公明と集団自衛権 行使容認は与党の責任だ
「足して二で割る」方法で妥協してよい問題ではない。ヤマ場を迎えた集団的自衛権をめぐる与党協議のことだ。
安倍晋三首相は、今国会中に行使を可能とする憲法解釈変更の閣議決定を行うため、自民党の高村正彦副総裁に与党合意を急ぐよう指示した。
政府は、集団的自衛権の行使を限定的に容認する必要性を閣議決定の内容として打ち出したい考えだ。だが公明党は行使容認を認めない構えで、13日の与党協議で閣議決定内容の検討に入ることにも難色を示している。
安全保障は、国家運営の根幹を成す基本政策である。その内容を曖昧にしたり、先送りしたりすることは許されない。
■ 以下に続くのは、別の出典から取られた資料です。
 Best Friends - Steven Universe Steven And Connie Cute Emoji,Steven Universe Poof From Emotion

明確な結論を導き出すことが、政権与党としての責務である。
与党協議に入る前、公明党の山口那津男代表は、集団的自衛権について「連立政権合意に書いていないテーマだ」と指摘した。その通りだ。だとすれば、今回の与党協議は連立合意のやり直しにあたる極めて重要なものだ。
安倍首相や自民党は、集団的自衛権の行使を認めなければ、国を守り抜くのは困難だと考える。公明党は行使容認を拒む姿勢を変えない。国の守りの根っこの考え方が不一致のままでは「この連立政権に安全保障を委ねられるか」という疑念が生じる。
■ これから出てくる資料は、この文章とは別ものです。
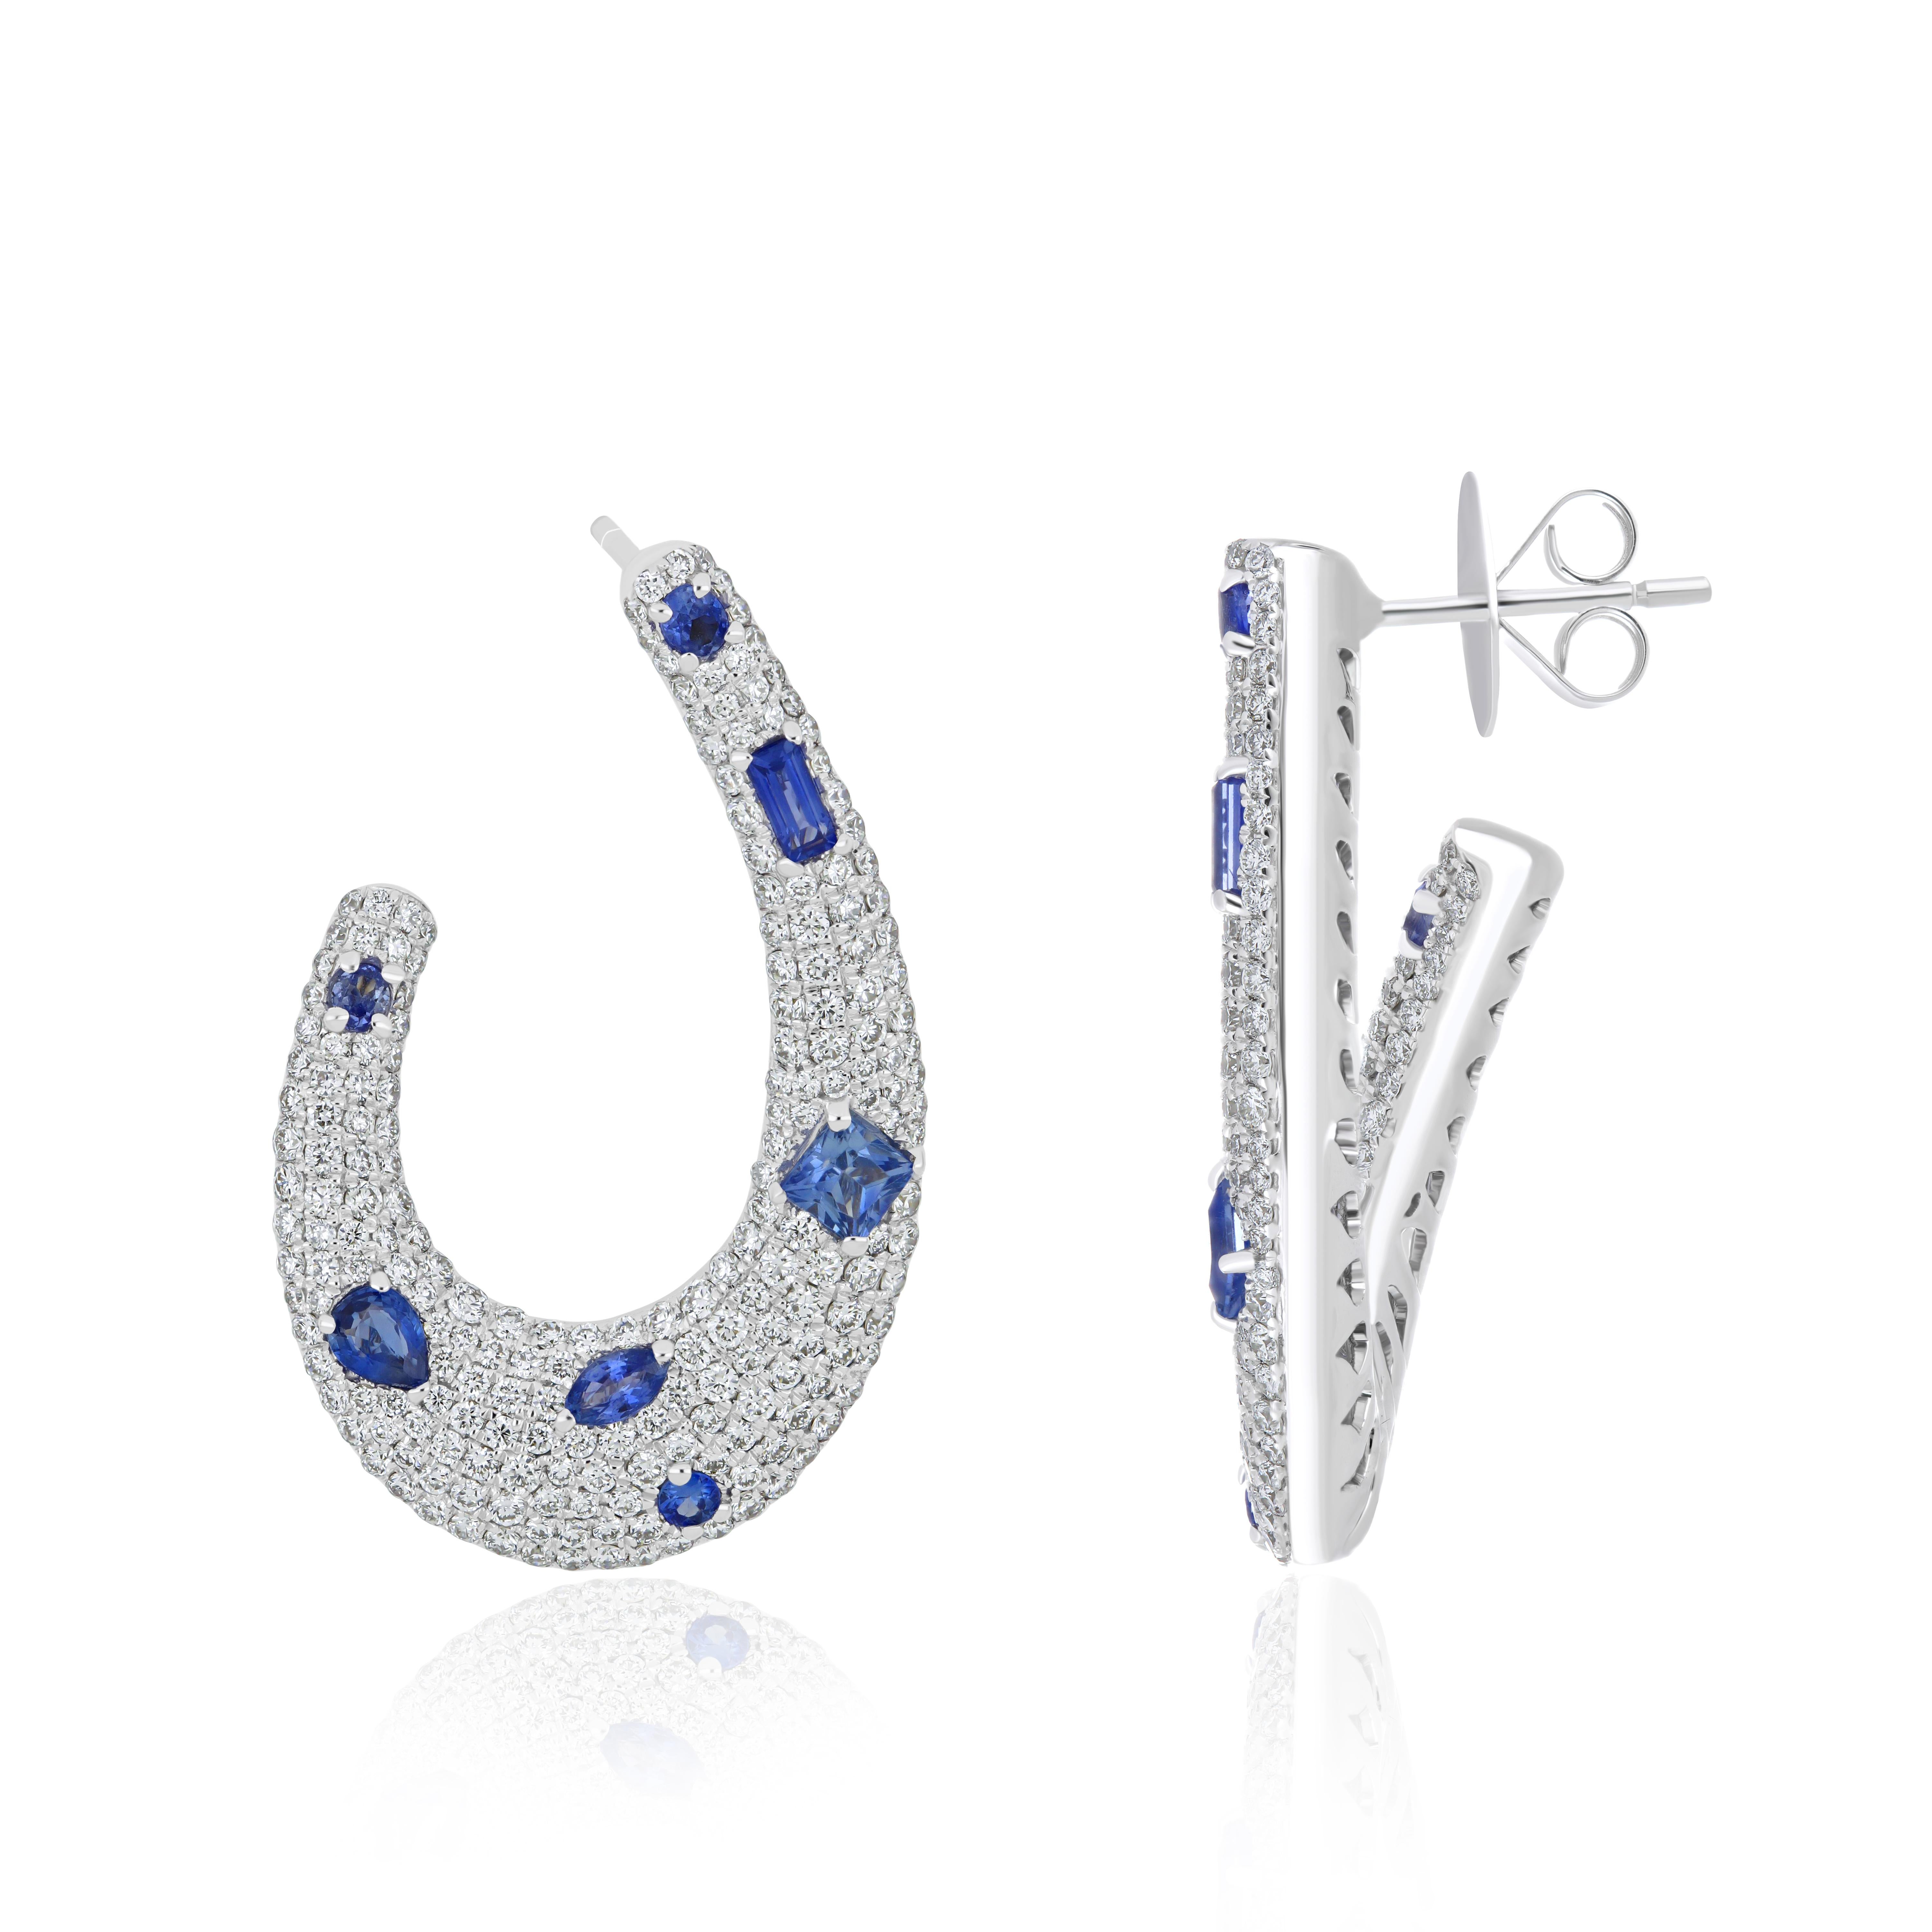 14K Gold Blue Sapphire Studded Earrings for Women with  1.85 Cts (approx. total)  Blue Sapphire  and accented with micro pave Diamonds, weighing approx. 2.41 cts. (approx. total). Beautifully Hand-Crafted Earring in 14 Karat White Gold for your

東シナ海や南シナ海では中国が力による現状変更を試みている。朝鮮半島情勢も不安定だ。厳しい安全保障情勢を見すえれば、集団的自衛権の行使により日米同盟の抑止力を強めることが欠かせないとの認識は、どの政権であっても必要不可欠なものだ。行使容認を否定してきた内閣法制局も、行使を限定容認するための憲法解釈変更を認めることを受け入れた。
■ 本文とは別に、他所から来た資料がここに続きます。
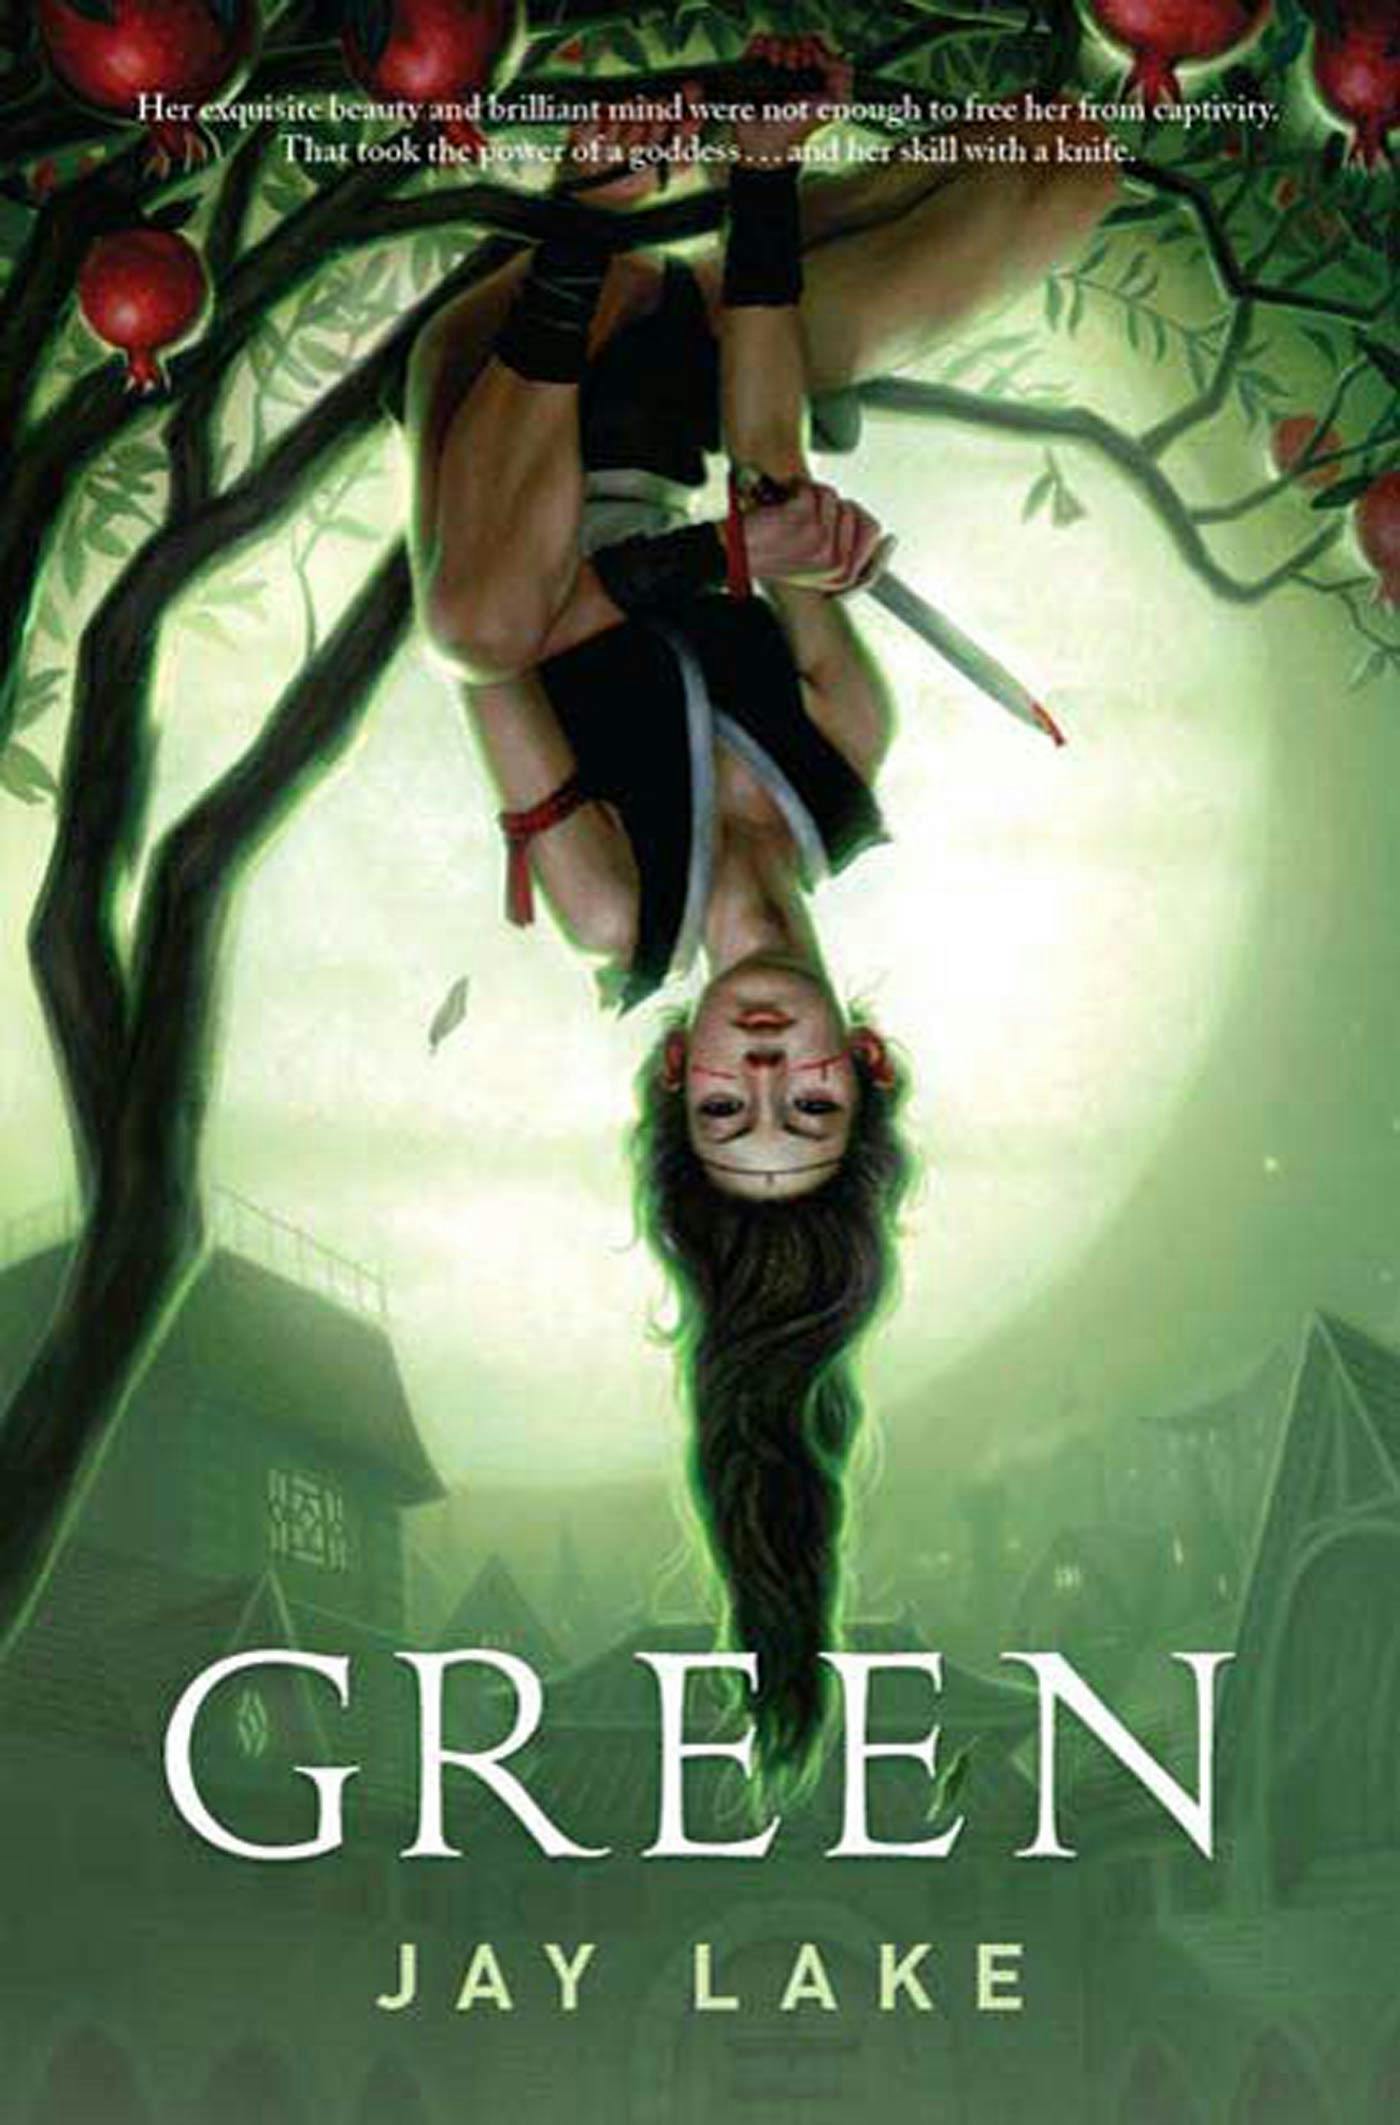 Cover for the book titled as: Green

公明党は、日本周辺での自衛隊による米艦防護について、個別的自衛権や警察権での対応を主張している。集団的自衛権の行使容認論を避けることは、あまりに非現実的である。個別的自衛権でさまざまな状況に対応するのは困難で、実効性に欠ける。
公明党は国際平和協力の分野で、自衛隊の海外での活動を後押ししてきた実績がある。自衛隊のイラク派遣も自公連立政権下で実現した。自国の防衛と世界の平和構築を図る観点から、行使容認の決断により、与党としての責任を果たしてもらいたい。